Pourquoi je me mets à parler de préservatifs ?

C’est peut-être l’arrivée de la Saint Valentin qui m’inspire, ou le fait de travailler pour une association décomplexée qui parle librement de sexe bio, d’infertilité, de maladies et qui distribue des capotes à tout va !

Peut-être aussi parce que depuis 3 ans maintenant je m’intéresse à la symptothermie comme méthode de contraception, à la question de la féminité et du féminisme en général.

Aussi sans doute par le fait que je redécouvre la jungle du dating après des années passées en couple ou à l’étranger, jungle que je trouve fascinante et déroutante à la fois ^^.

Je me mets à la page et me trouve à beaucoup discuter des relations hommes-femmes, des préjugés, de charge mentale, de comment sont abordés aujourd’hui la contraception, l’éducation sexuelle, les IST et le fait que les gens mettent de moins en moins de préservatifs.

C’est un sujet encore un peu tabou, alors que soyons honnêtes : le sexe fait partie intégrante de la vie de tout le monde !

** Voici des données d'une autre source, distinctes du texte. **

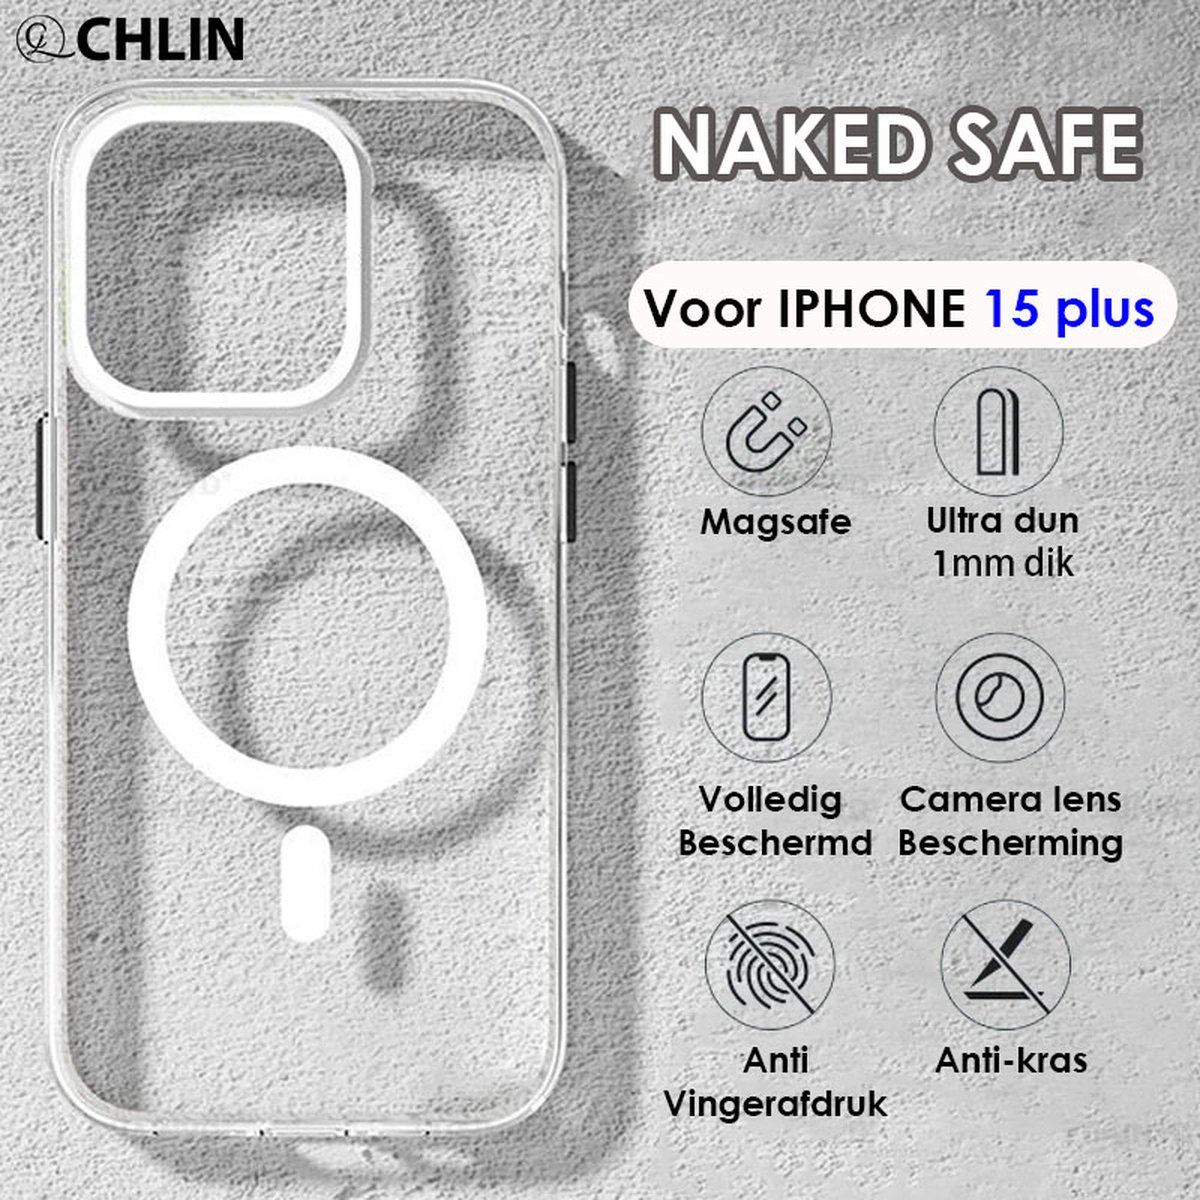 CL CHLIN Naked Safe - transparant Hoesje voor Iphone 15 plus met Magsafe magneet en Matrix airbag - Iphone 15 hoesje nieuw model - Dun hoesje iphone 15 plus - Iphone 15 plus - Iphone 15 plus Accessoires - iphone 15 plus case - Kerstcadeau

Je vais surtout ici parler de relations hétérosexuelles, parce que c’est ce que je connais, n’y voyez aucune discrimination 🙂

Love birds Sydney

Les gens mettent moins de capotes

Ayant grandi dans les années 90, je fais partie de la « Génération Sida », où on était sur-sensibilisé à ce maudit virus et dès la puberté, le sujet du préservatif était monnaie courante. Pas question d’avoir des rapports sexuels sans !

Je découvre qu’aujourd’hui il existe ce qu’on appelle la PrEP, un traitement pré-exposition éventuelle au VIH pour éviter l’infection, surtout connu dans le milieu Gay apparemment. Même si la PrEP ne dispense pas de protection externe – car elle ne protège pas des autres IST – force est de constater que l’usage du préservatif est en perdition. Alors on ne va pas tout mettre sur le dos de la PrEP, bien sûr !

Avec toutes les avancées médicales qui permettent de traiter et prévenir en cas de contraction du VIH ainsi qu’un accès plus facile à des traitements, la fréquence des nouveaux cas a drastiquement diminué dans les années 2000 (et tant mieux !). Cette bonne nouvelle tend à faire penser que c’est bon, on ne risque plus rien, donc les gens se protègent de moins en mois.

En revanche, ce n’est pas le cas pour les autres infections sexuellement transmissibles, qu’on a tendance à oublier.

Au contraire, les IST se sont multipliées par 3 entre 2012 et 2016, surtout chez les jeunes.

Préservatifs green

Le port du préservatif pour protéger des infections sexuellement transmissibles

C’est le moment de voir si vous êtes incollables sur les IST ^^ (pas d’inquiétude, j’ai appris des choses aussi en faisant mes recherches pour cet article !).

Les IST qu’on connaît mais qu’on a tendance à oublier :

  • L’herpès génital : virus très contagieux qui entraîne boutons et démangeaisons avec possibilité de récidive, car il reste en latence dans le corps.
  • L’hépatite B : forme la plus grave des hépatites virales, c’est un virus qui peut attaquer le foie allant jusqu’à la cirrhose ou le cancer. Il existe un vaccin pour s’en protéger à vie.
  • La syphilis : infection bactérienne qui touche la peau et les muqueuses et qui, non traitée, peut entraîner des problèmes neurologiques, cardiaques, hépatiques, rénaux voire psychiatriques.
  • Le SIDA : la plus connue, cette maladie grave se transmet par voie sexuelle mais aussi par voie sanguine. Le Virus à Immunodéficience Humaine attaque le système immunitaire. Il existe encore, même si le plus gros est derrière nous.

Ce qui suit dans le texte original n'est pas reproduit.